WI: Less-oppressive Church against the pre-science communities in the Middle Ages?

Well otherwise your comments were pretty accurate.

But Scholastic thought is highly nuanced, and very very different from the Classical thought it was influenced by. By the high middle ages, Aristotelians were only broadly Aristotelian. They had a lot of different opinions that Aristotle. Even from the very beginning of the middle ages, people were disagreeing with Aristotle on a variety of points, and these things just sort of kept piling up until medieval Aristotelianism had only broad similarities with classical Aristotelianism, with the specifics wildly different.

Also of note is that the Geocentric model was indeed modified due to Galileo's writings. But only with the things that were absolutely proven at the time, like the moons of Jupiter. These sorts of modifications happened all the time. As somebody else has suggested, the church didn't like to throw away centuries of established fact without a lot of pondering and fact checking, and were perfectly amiable to new scientific ideas which could be shown to actually be true.
 
Atrium, I just read that story posted, and it is fantastic. I can see why it's up for a Nebula. A bit wankish, but still well written and engaging.
 
It's hard science fiction, which is personally my favourite sort of science fiction. Though I recognise hard science fiction is not to everyone's taste. I'm glad to hear someone enjoyed it beyond the alternate history aspect.
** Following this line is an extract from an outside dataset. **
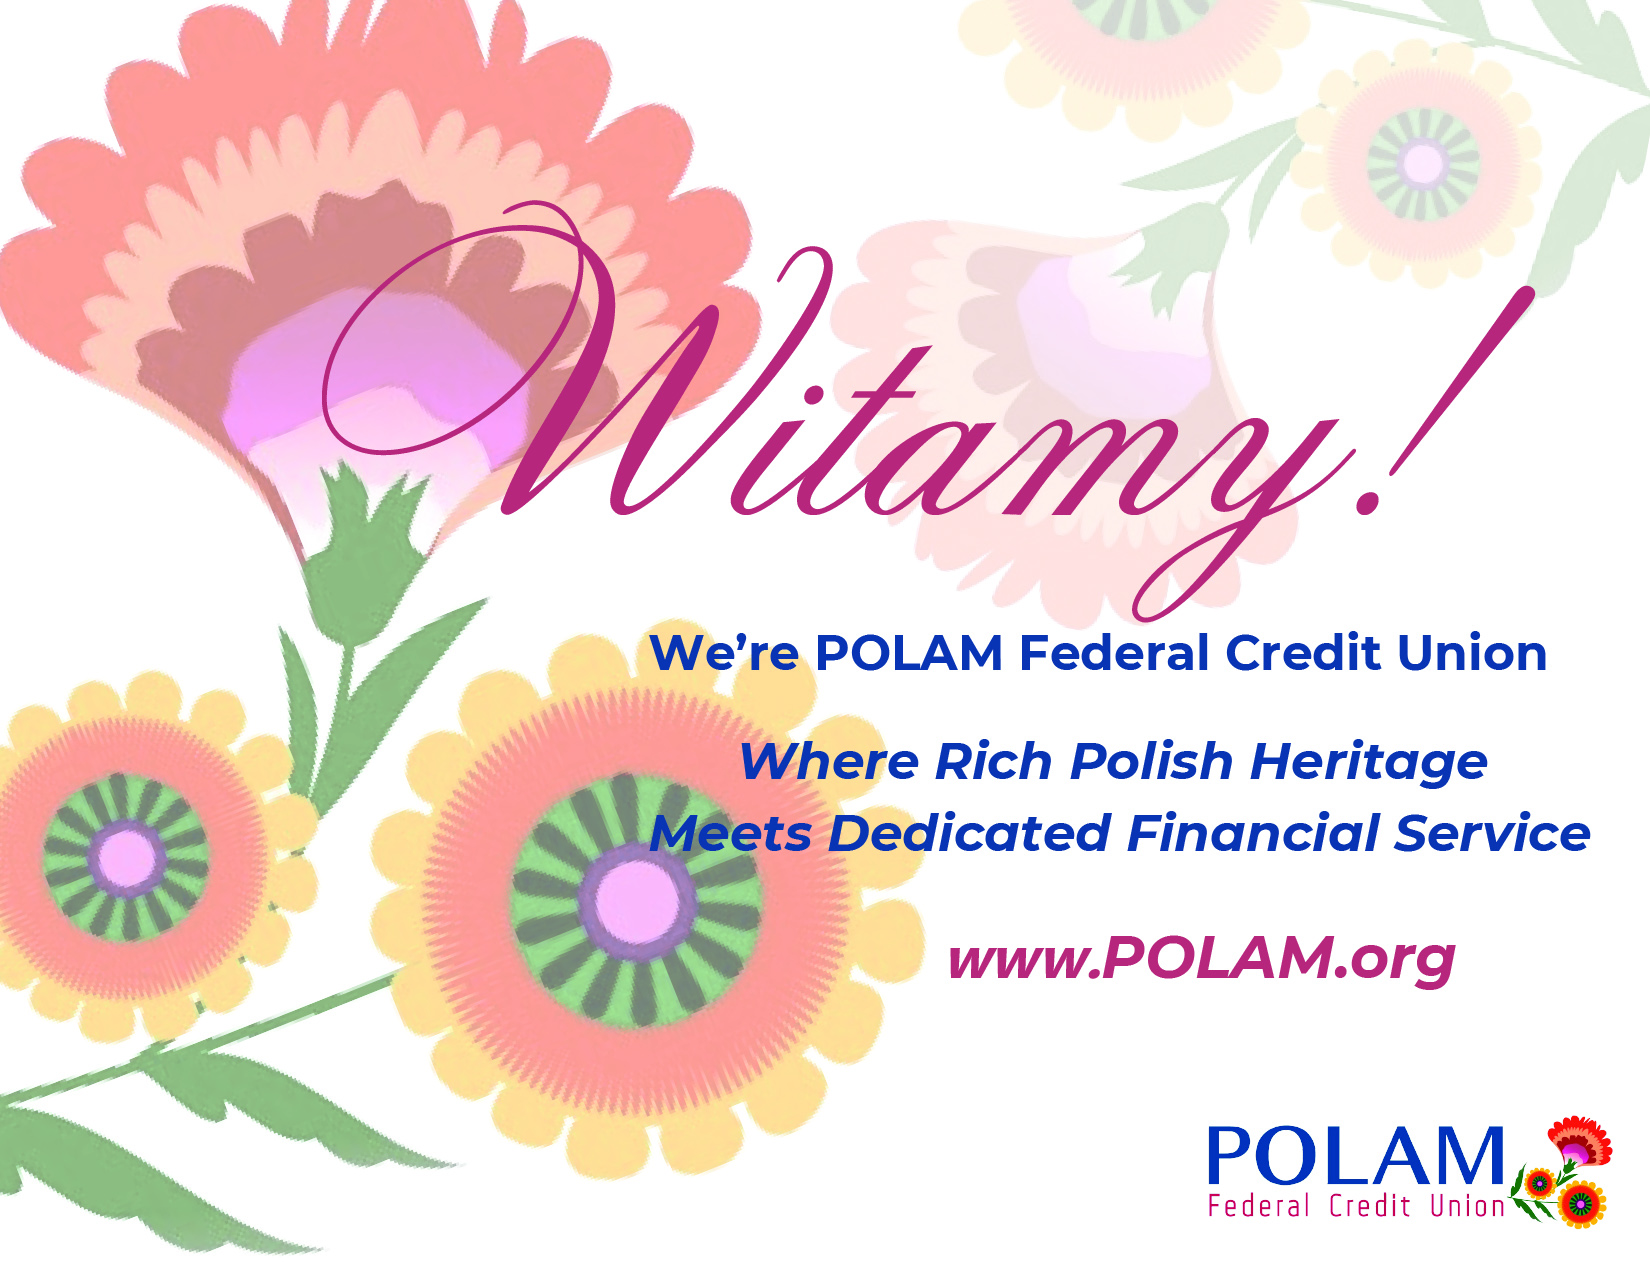 POLAM Federal Credit Union ad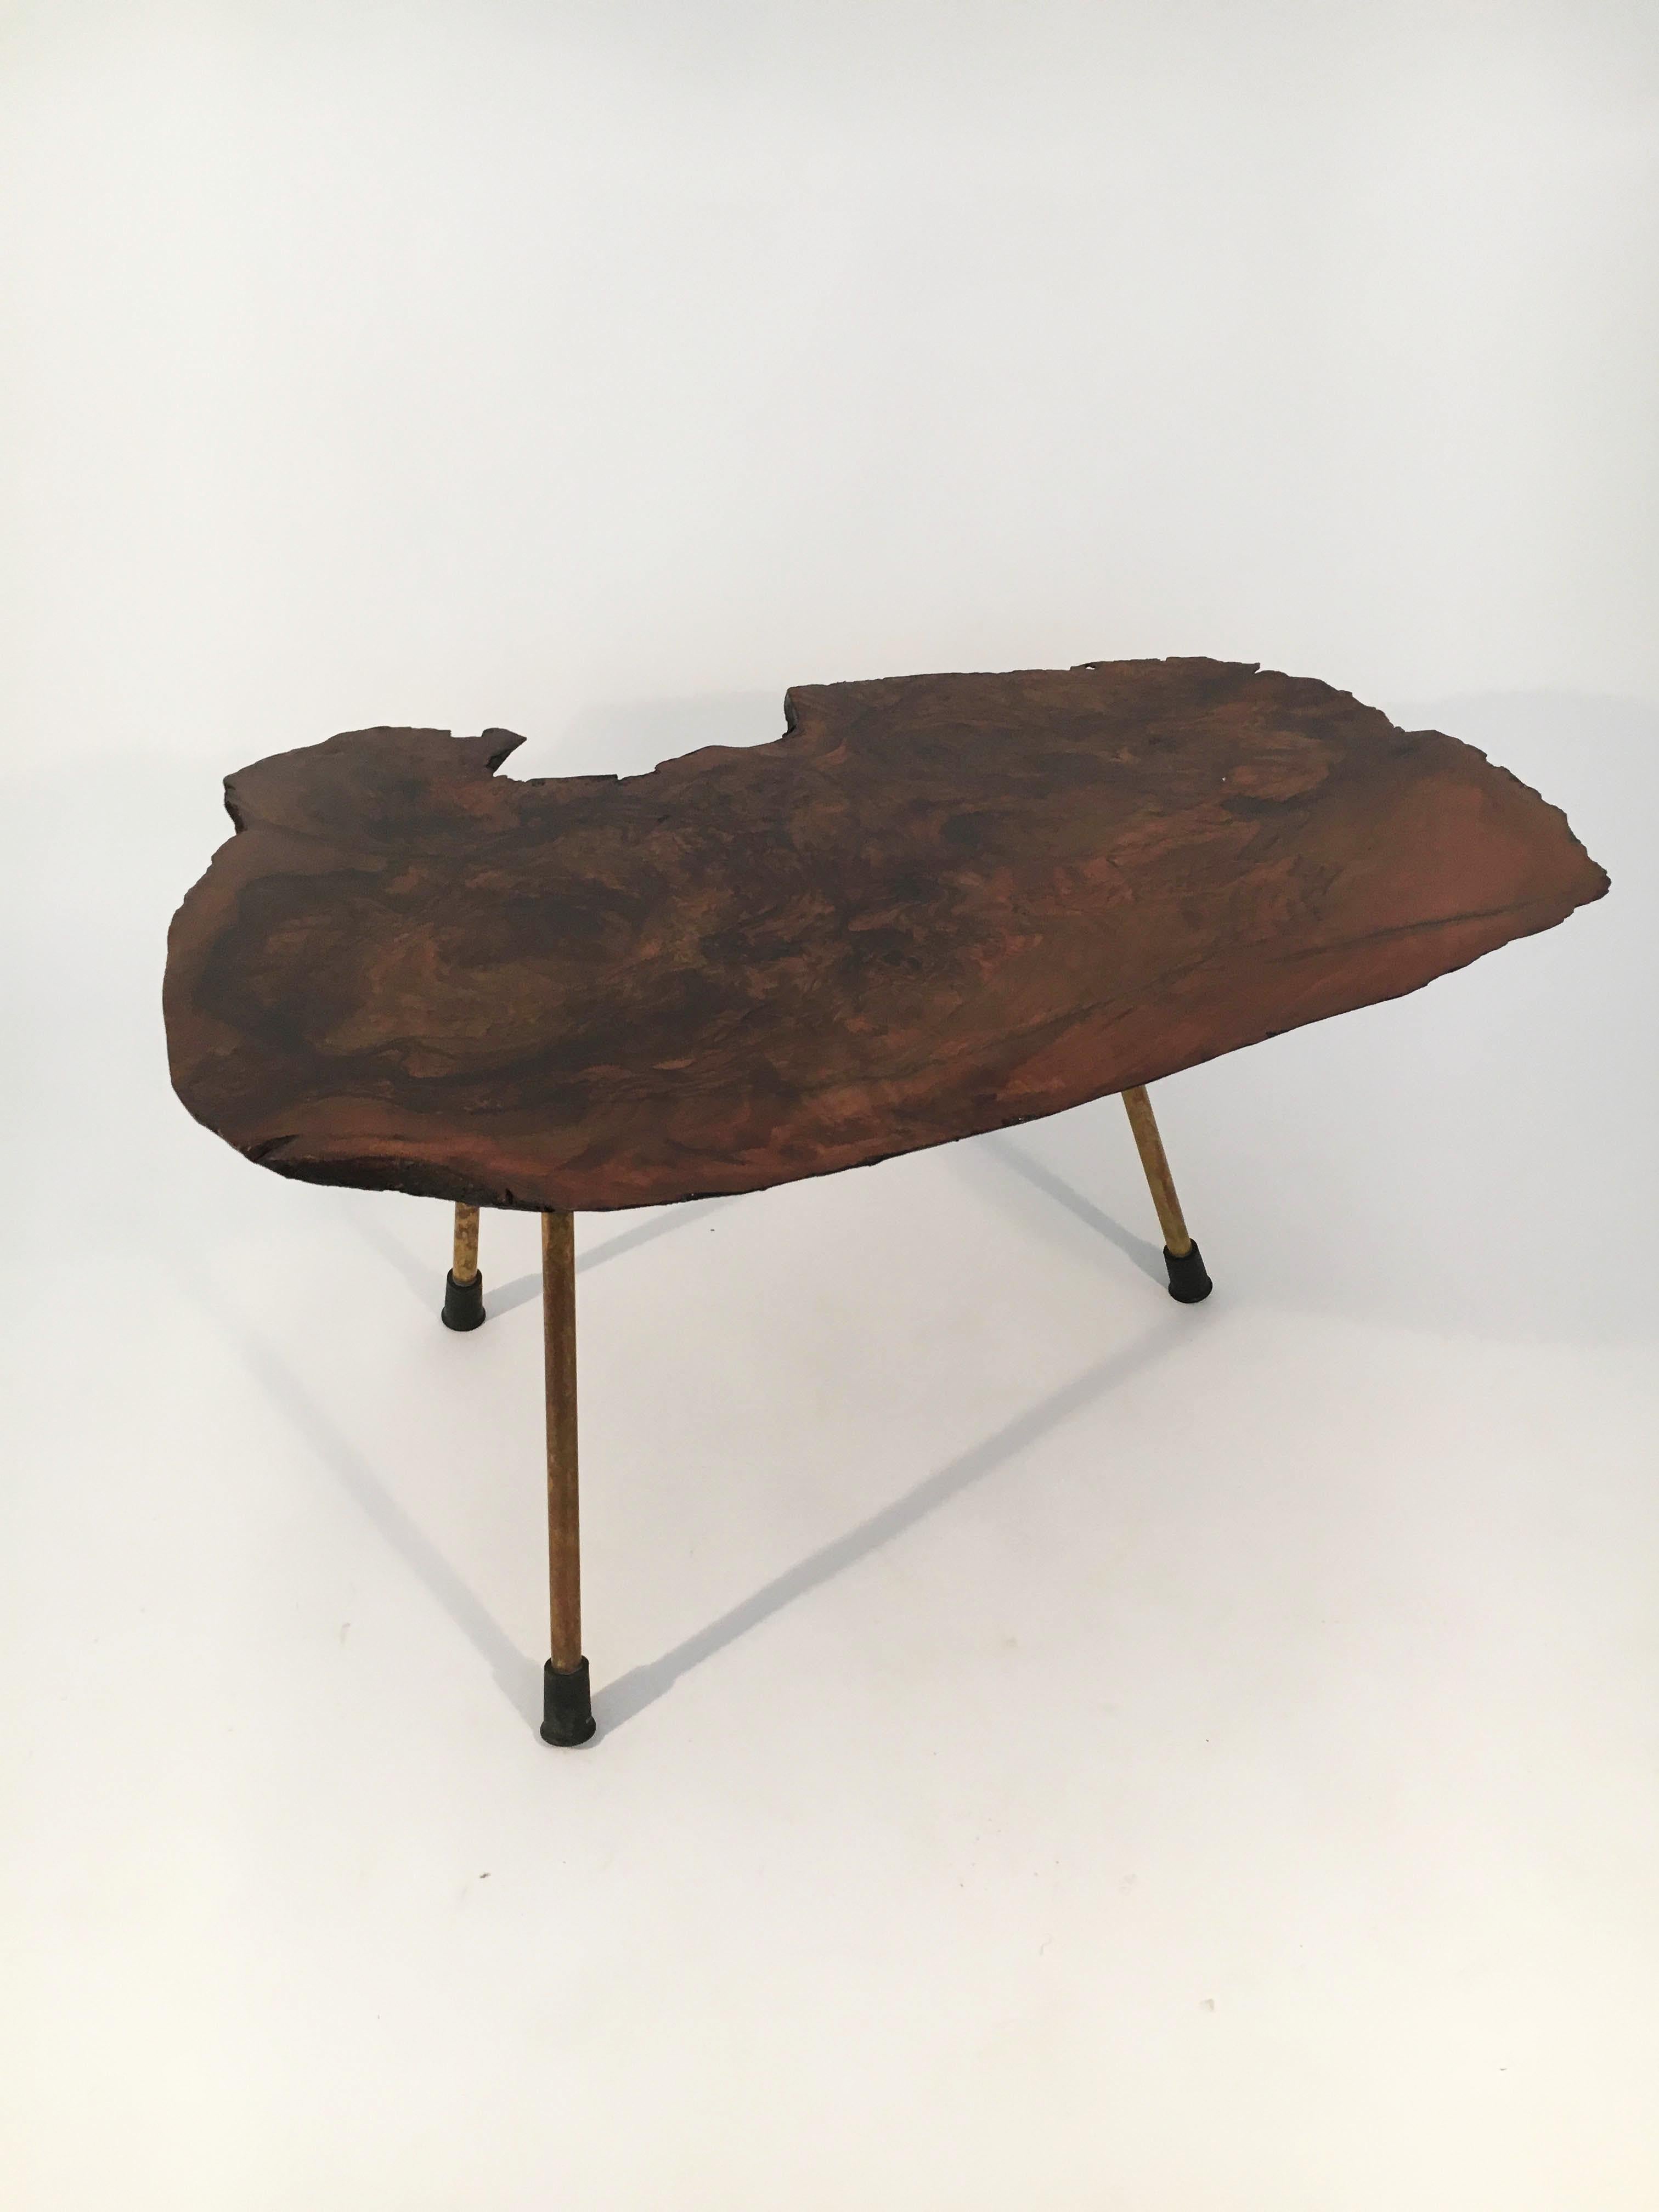 Brass Carl Auböck Original Large Walnut Tree Trunk Table 'Model No. 1' Austria 1950s

I think it's only wankish only in that everyone made several very lucky observations in a short span of time. Otherwise it was totally possible.

Which was the point, I think. The author seems to have written the story to disprove the notion that the middle ages were times of scientific backwardness.

If you're further interested, in the issue of Analog that story came in, right after the story the author did a little dialectic entry about the position, where he further elaborates on those things. Again it is relevant to this thread.